Should you even count exercise calories for weight loss?
Calorie counts concerning what people eat and what people burn during exercise are notoriously inaccurate. People tend to underestimate how many calories they eat and overestimate how many they burn. It’s why I always tell people to stop counting calories and instead focus on better food choices. I also typically recommend that you don’t subtract the calories you burn during exercise from your daily calorie totals. While it would make sense that if you burn 500 calories during a workout, then you should be allowed an extra 500 calories of food as a reward, but it never works out that way. Research has shown that this kind of thinking typically results in people eating twice as many calories as they burned. It’s one reason why so many people either don’t lose weight or actually gain weight when they first start exercising.
While exercise can help with weight loss, when it comes down to it, you have to change what you eat if you want to lose weight. New research from the journal Current Biology presents some interesting evidence to show that calorie-burning seems to plateau no matter how active you are. When people first start exercising to lose weight, they’ll often experience rapid success, but those fast drops will quickly slow down or even reverse as they get later into a program. I’ve already mentioned some of the subconscious tricks your body plays on you to prevent wait loss, such as subconsciously increasing the portions you eat or reducing the amount you move the rest of the day, but as the report in Current Biology shows, your daily calorie burn eventually drops as your fitness improves.
Your body adapts
As I’ve mentioned many times before, we were meant to live in a food-scarce environment, so it makes sense that your body would adapt to make sure you’re not just burning through energy that would be difficult to replace. That’s ultimately what fitness is. As you get more fit, you need less energy to move your body around. That’s great for daily living and to help you feel more energetic, but it hampers weight loss. So whether you’re running five miles a day, walking a few miles each day, or doing 10 minutes of high-intensity interval training (HIIT), your daily calorie burn will be roughly the same. It’s a bummer for people that want to quickly run the fat off, but it’s great news since any kind of activity will help, just get moving more. It explains the mystery of why HIIT seems to be as effective for weight loss (often more effective) as longer workout sessions, even though it burns a fraction of the calories.
When you look at those daily calorie calculators, they always ask if you’re sedentary or active, but maybe they shouldn’t.
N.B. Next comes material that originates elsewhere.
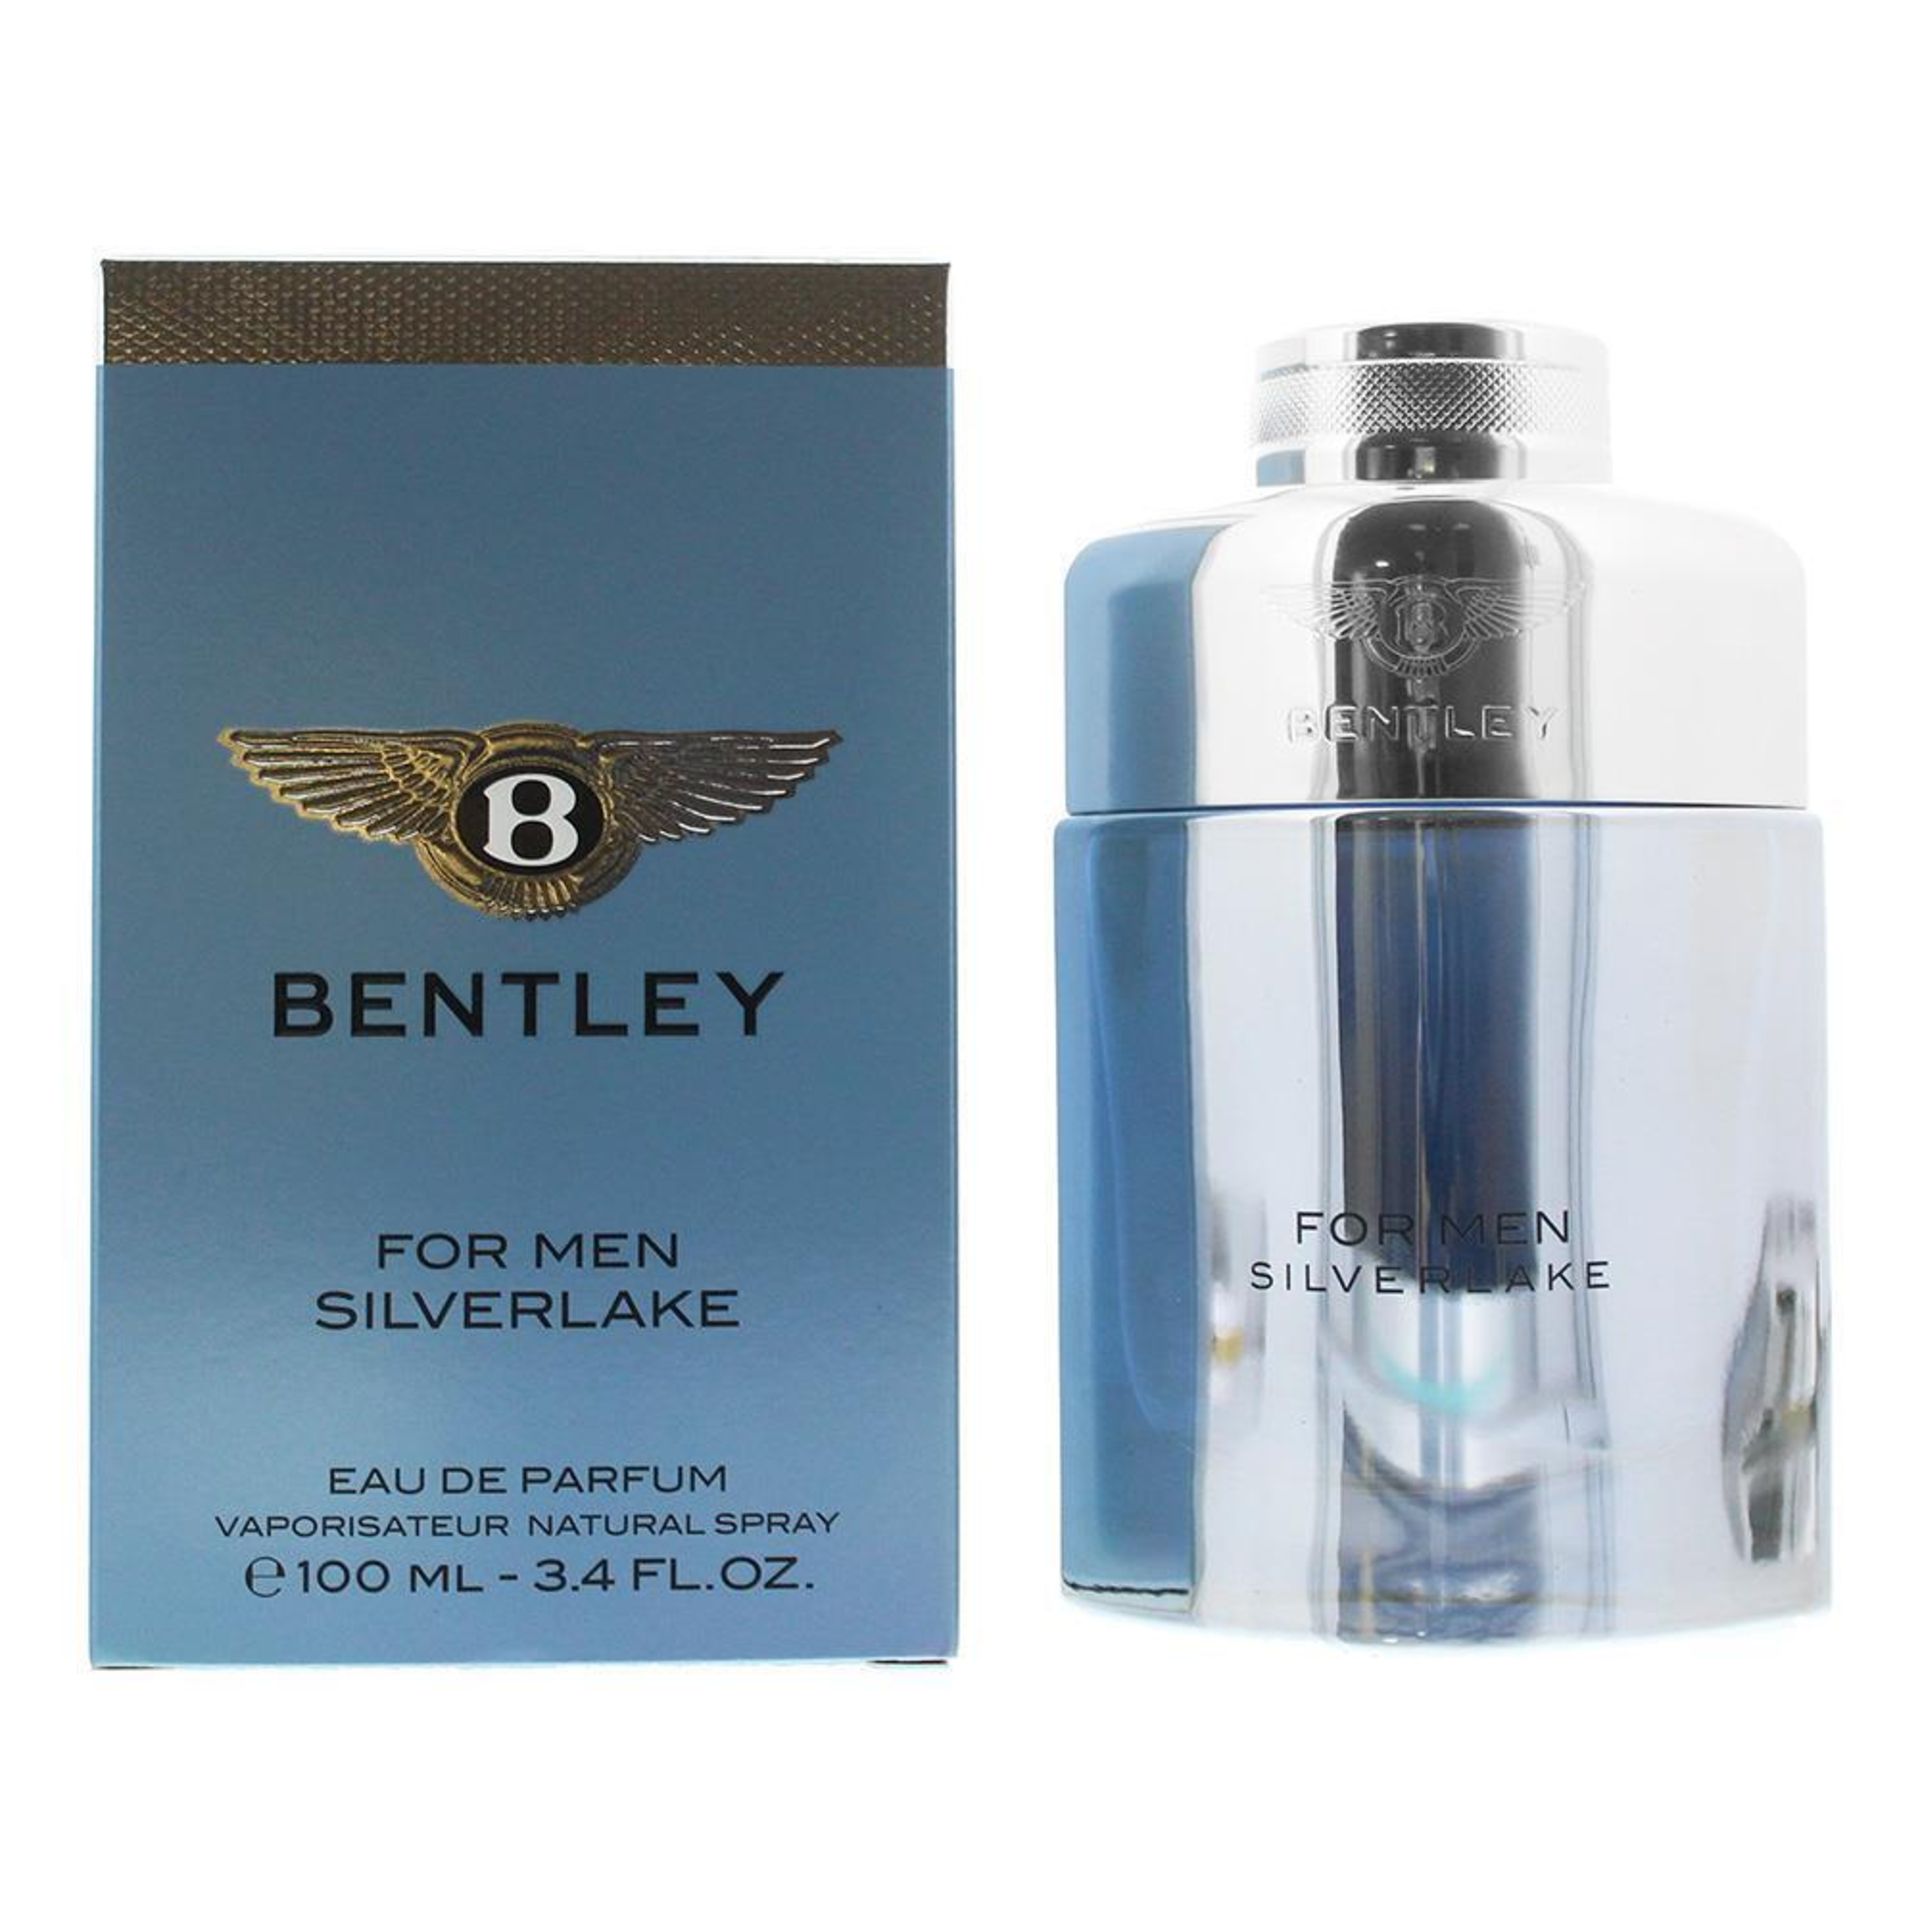 Bentley For Men Silverlake Eau de Parfum 100ml Spray - Image 3 of 6

The researchers found that in large comparative studies very active people had similar daily energy expenditures as sedentary people. They were most surprised when they looked at a traditional hunter-gatherer tribe in Tanzania called the Hadza. They walked long distances each day and performed hard physical labor as part of their normal routine, and yet they had similar daily calorie expenditures as sedentary people in the US.
The bottom line is don’t assume the calorie number on that treadmill is accurate, and definitely don’t use it as an excuse to indulge in crappy food. Exercise will help with your weight loss routine by mobilizing and burning stored fat for fuel, but you need to eat right for it to work. Your body will always burn what’s coming in rather than tap into stored fuel, so you need to give it a reason to switch to stored fat.
Why exercise?
If the only thing that matters concerning weight loss is diet, then why even exercise? Just like how a calorie is not a calorie with food, a calorie is not a calorie with movement. You may burn the same amount of calories sitting around compared to moving around (as you get more fit), but movement provides an amazing array of benefits. I used to workout 3 days a week, but as I’ve done more and more research on the benefits of exercise, I increased that to daily.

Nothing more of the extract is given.